Outagamie County Department of Health and Human Services,

 

          Petitioner-Respondent,

 

     v.

 

Gregory M.,

 

          Respondent-Appellant.

 

 

 

 

            APPEAL from an order of the circuit court for Outagamie County:  MITCHELL J. METROPULOS, Judge.  Affirmed. 

1        MANGERSON, J.[1]   Gregory M. appeals an order for protective placement.  He contends the evidence in support of the protective placement order was insufficient.  We disagree and affirm.

BACKGROUND

2        In January 2011, Outagamie County petitioned the circuit court for guardianship of Gregory’s person and estate, as well as protective placement.  At the hearing on the petition, the County called two witnesses:  Dr. Thomas Altepeter, a clinical psychologist, and Steve Schotten, a clinical therapist. 

3        Altepeter testified he administered cognitive tests to Gregory and each test placed him at a range consistent with mild to moderate dementia.  On one test of mathematical skills, Gregory, who at the time was fifty-one years old, scored at the level of a seven and one-half year old.  Altepeter explained that Gregory’s dementia was a permanent condition caused by his chronic substance abuse and prior head injuries.  Gregory’s head injuries had occurred within the last two to three years.  Specifically, Gregory fell down a flight of stairs and, while riding his bicycle, was struck on two separate occasions by a vehicle.  Each incident involved alcohol.  His most recent injury caused brain bleeding and resulted in a two-week hospital stay.  Although Altepeter conceded he did not know when Gregory last consumed alcohol or drugs, Altepeter explained Gregory “has a long history of alcohol and drug dependence” and “if he’s not using at this point, it’s probably got more to do with the controlled environment he’s in.”

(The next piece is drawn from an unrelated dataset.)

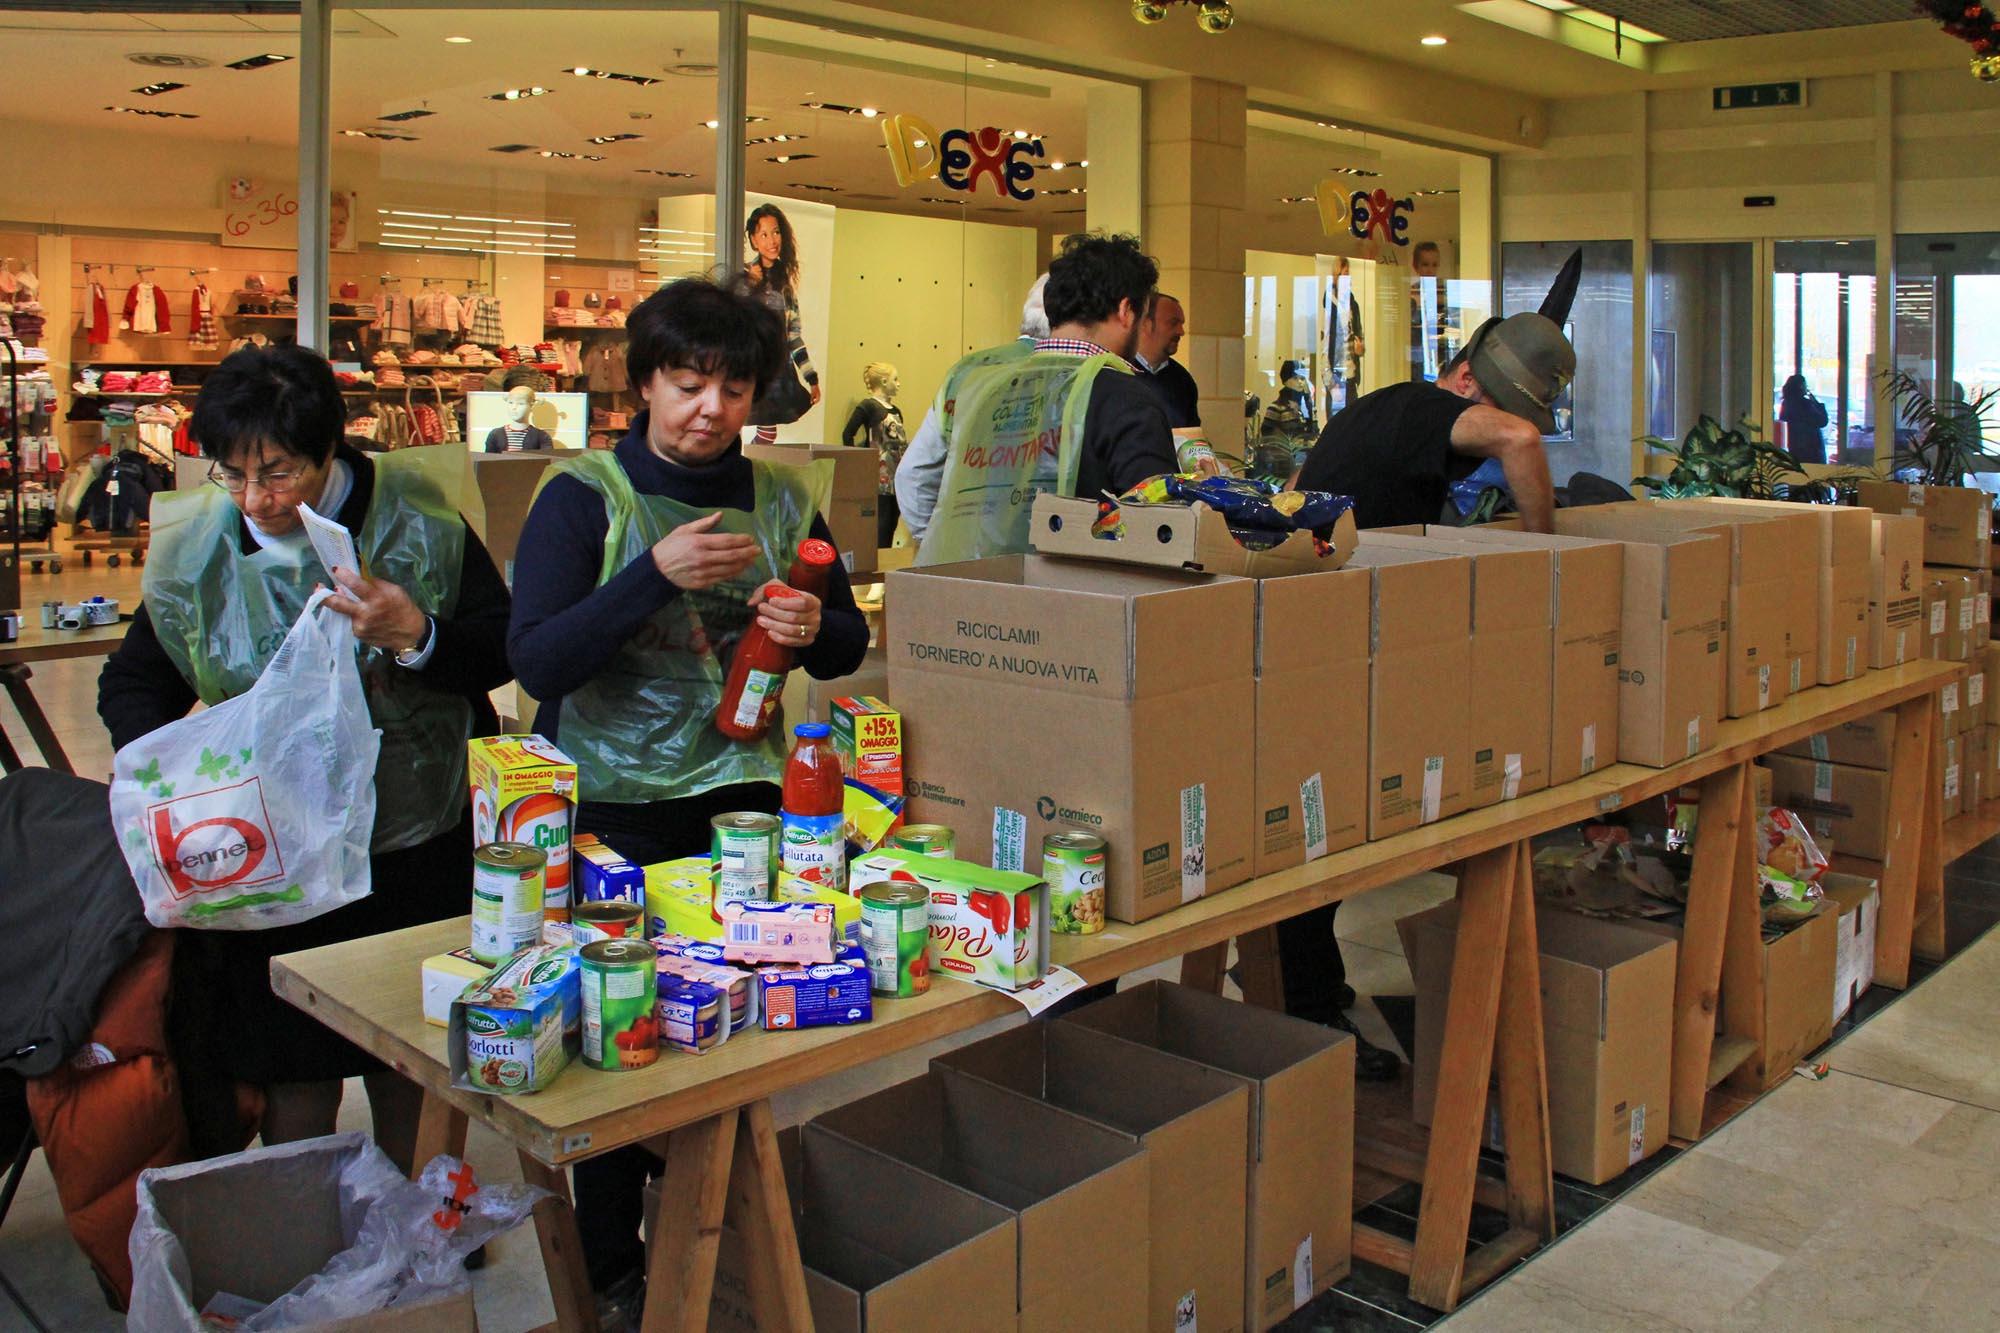 0613 Raccolta generi alimentari supermercati 1 - Banco alimentare di Biella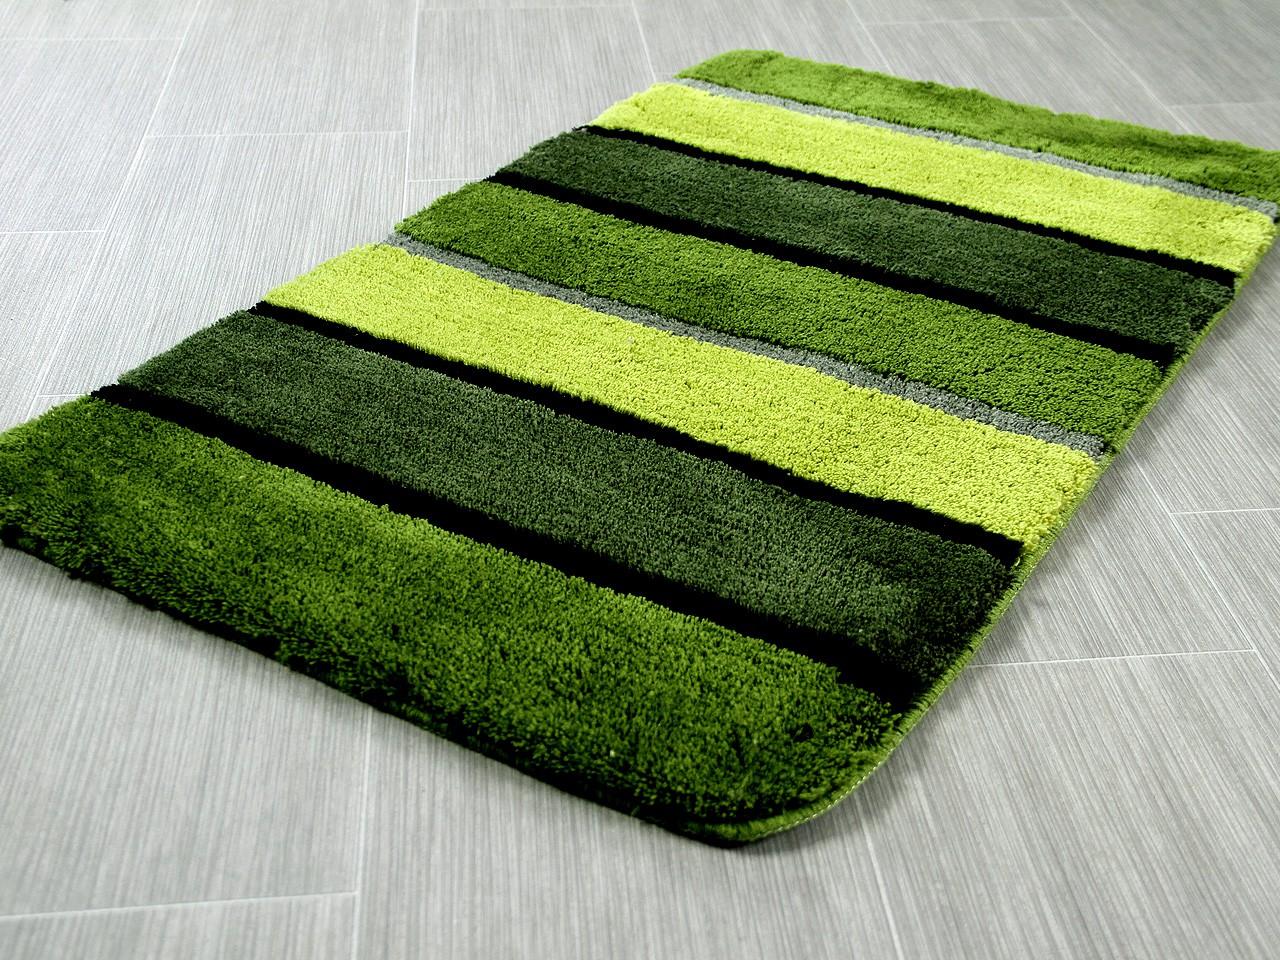 pacific badteppich bali gr n streifen in 5 gr en badteppiche pacific badteppiche. Black Bedroom Furniture Sets. Home Design Ideas

4        Altepeter opined that Gregory was incompetent and in need of both a guardian of his person and estate.  As to protective placement, Altepeter opined that Gregory was not capable of adequately providing for his own care and custody, and has a primary need for residential care and custody in a supervised setting.  When asked what type of setting would be appropriate to maintain Gregory’s safety, Altepeter responded that Gregory needed “a structured environment that would … provide him with regular food … care and supervision.”  He explained that Gregory needed twenty-four-hour supervision because of his dementia and cognitive limitations as well as his substance abuse.  Altepeter elaborated:

[Gregory is] not able to handle problem-solv[ing] situations.  He might be able to handle some of the routine daily things of life, but handling emergencies or situations that might come up if he were independent, he would be at risk to either be taken advantage of or perhaps not exercise resources that are available to him.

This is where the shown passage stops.